So Long Insecurity

In Uncategorized by Madison Mayberry10 Comments

I don’t know about you, but now that we’re nearing the halfway point of the year I’ve been feeling the need to re-commit myself to my “No Fat Talk” pledge for 2012. Over the past couple months, I’ve found myself mumbling unkind words about my body or myself under my breath. Or letting a “Do my thighs look huge in this?” to Joe here and there. It may not seem like a big deal, but I want to stop these little words and thoughts in their track, to re-gain the ground that may be slipping ever so slightly while I become less diligent.

A couple months ago, I started reading a book that has been slowly transforming the way I think about my body, self image, and all that goes with it. I took a long hard look at my “fat talk” and realized that at the core of those words was a deep insecurity about myself that was allowing those thoughts to thrive. I had heard great things about Beth Moore’s So Long Insecurity and had done several of her Bible studies in the past. I’m about half way through the book, and I can’t say enough great things about the words of encouragement and wisdom shared by Beth. If you’re looking for an extra dose of encouragement, I would strongly suggest picking this book up. I’ve been keeping track of the pearls of wisdom I read, and I wanted to share a few of them as an encouragement to you today.

-Madison

Dynamic creatures that we are, we are ever changing and ever spiraling up – or down. Please don’t misunderstand. God forbid that we live life in a vicious cycle of gaining ground and losing it. I’ve learned some lessons in the last decades, and I hope to heaven I don’t ever have to relearn them. However, I’ve never arrived at a place where injury or uncertainty no longer issues an invitation to some pretty serious self-doubt even when I make the tough decision not to bite the bait. I still get thrown for a loop more easily that I would like and find myself in a temporary but painful setback of insecurity – one that affects me too chronically to deny that something is broken somewhere. I tend to respond with a classic case of devastation. “I know better than this,” I chide. “I can’t believe I’ve fallen for this again. My head knows good and well that this doesn’t define me. Why can’t I get that message to my heart?”

Listen carefully: the enemy of our souls has more to gain by our setbacks than by our succumbing to an initial assault. The former is infinitely more demoralizing. Far more liable to make us feel hopeless and tempt us to quit. We can rationalize – even truthfully – that an initial assault caught us by surprise. Setbacks, on the other hand, just make us feel weak and stupid: I should have conquered this by now. I happened on a question not long ago that perfectly expresses this mentality: How many times must I prove myself an idiot? 

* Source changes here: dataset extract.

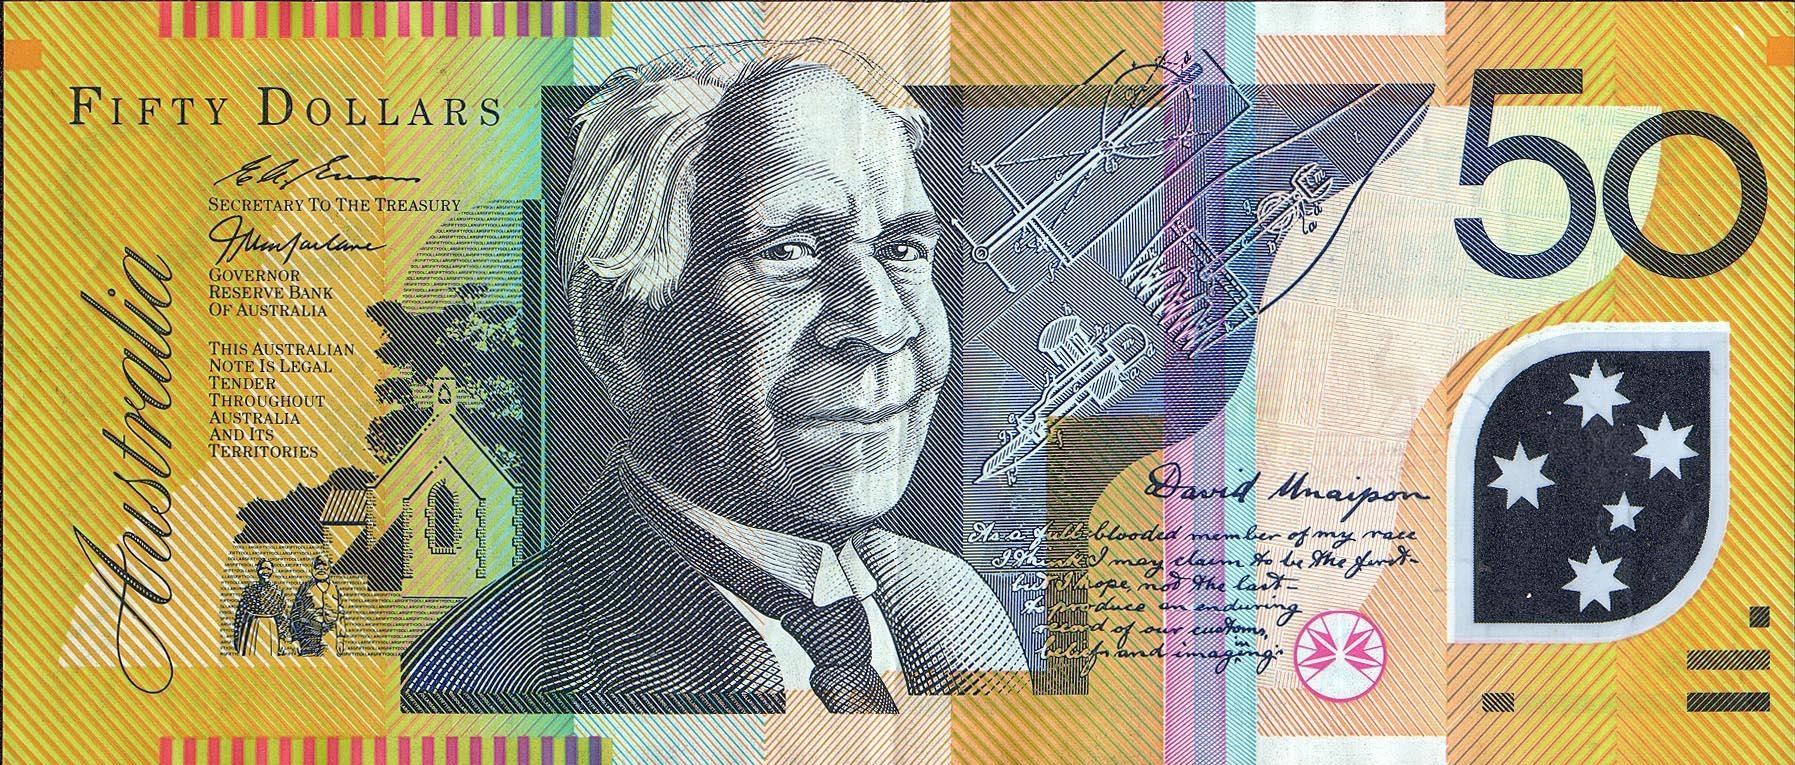 Банкнота австралийского доллара участвует в современных валютных операциях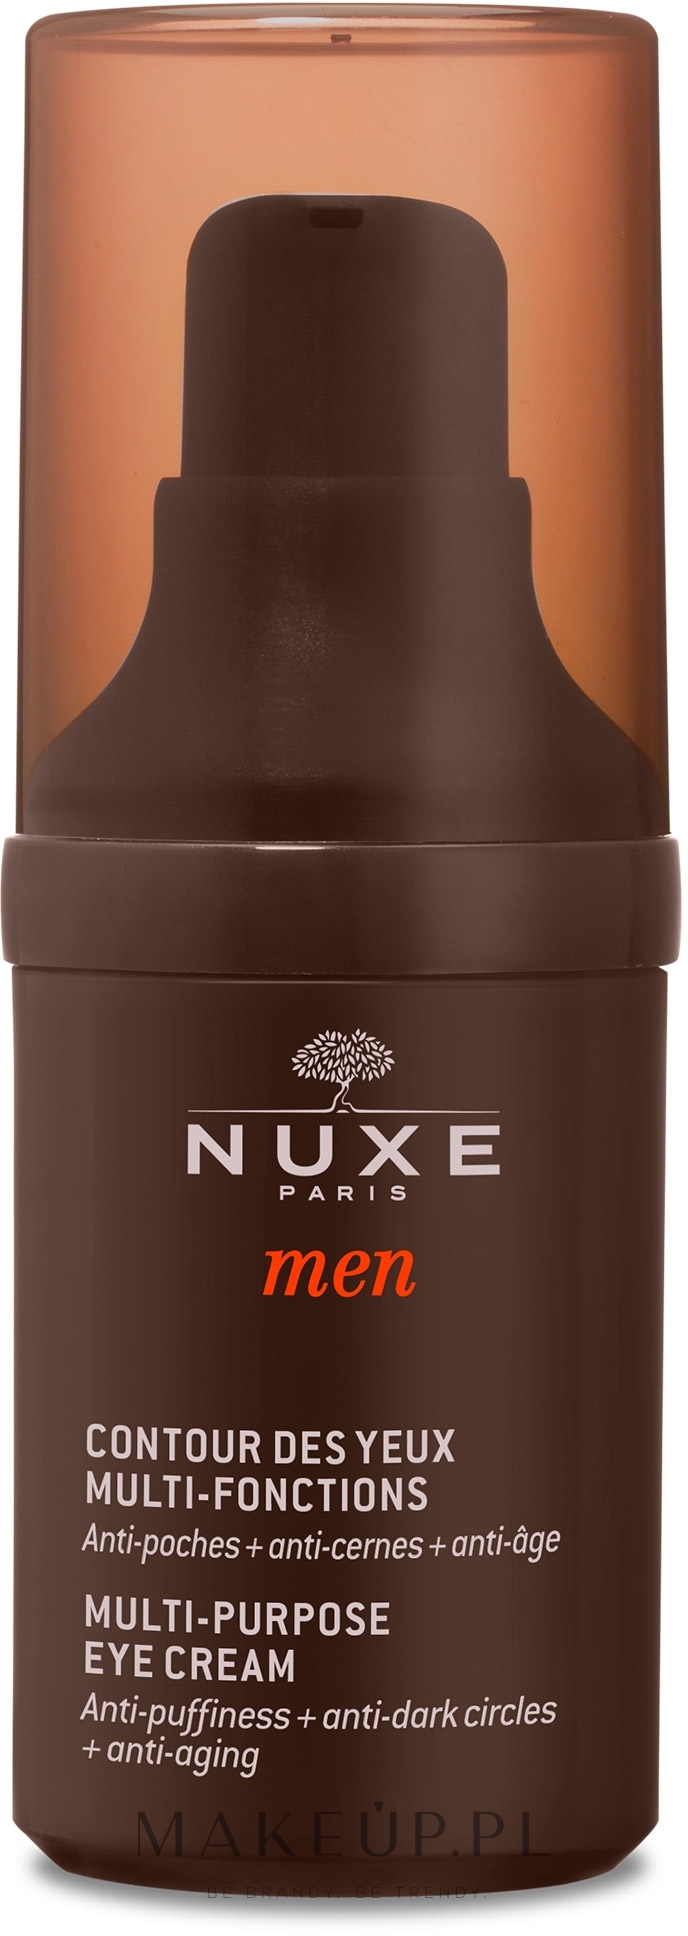 PRZECENA! Wielofunkcyjny krem pod oczy dla mężczyzn - Nuxe Men Multi-Purpose Eye Cream * — Zdjęcie 15 ml

I hate that I can still be so easily shaken, and somehow I convince myself that if I could just develop a healthy enough psyche, life couldn’t touch me. I’d be completely immovable. One thing keeps nagging at me, though. A man with an incomparable heart for God once confessed, “When I felt secure, I said, ‘I will not be shaken.’ O Lord, when you favored me, you made my mountain stand firm; but when you hid your face, I was dismayed” (Psalm 30: 6-7)

…To be honest, I don’t know whether you and I are at a common place right now. I just have a hunch. See if this sounds like something that could erupt from your own pen: I’m sick to death of insecurity. It’s been a terrible companion. A very bad friend. It promised to always think of me first and meticulously look out for my best interests. It vowed to stay focused on me and help me not get hurt or forgotten. Instead, insecurity invaded every part of my life, betrayed me, and sold me out more times that I can count. It’s time I got healthy enough emotionally to choose my lifelong companions better. This one needs to get dumped. … Thank God, a time comes in a willing life when you’re ready to face a Goliath-sized foe all by itself and fight it to the stinking death.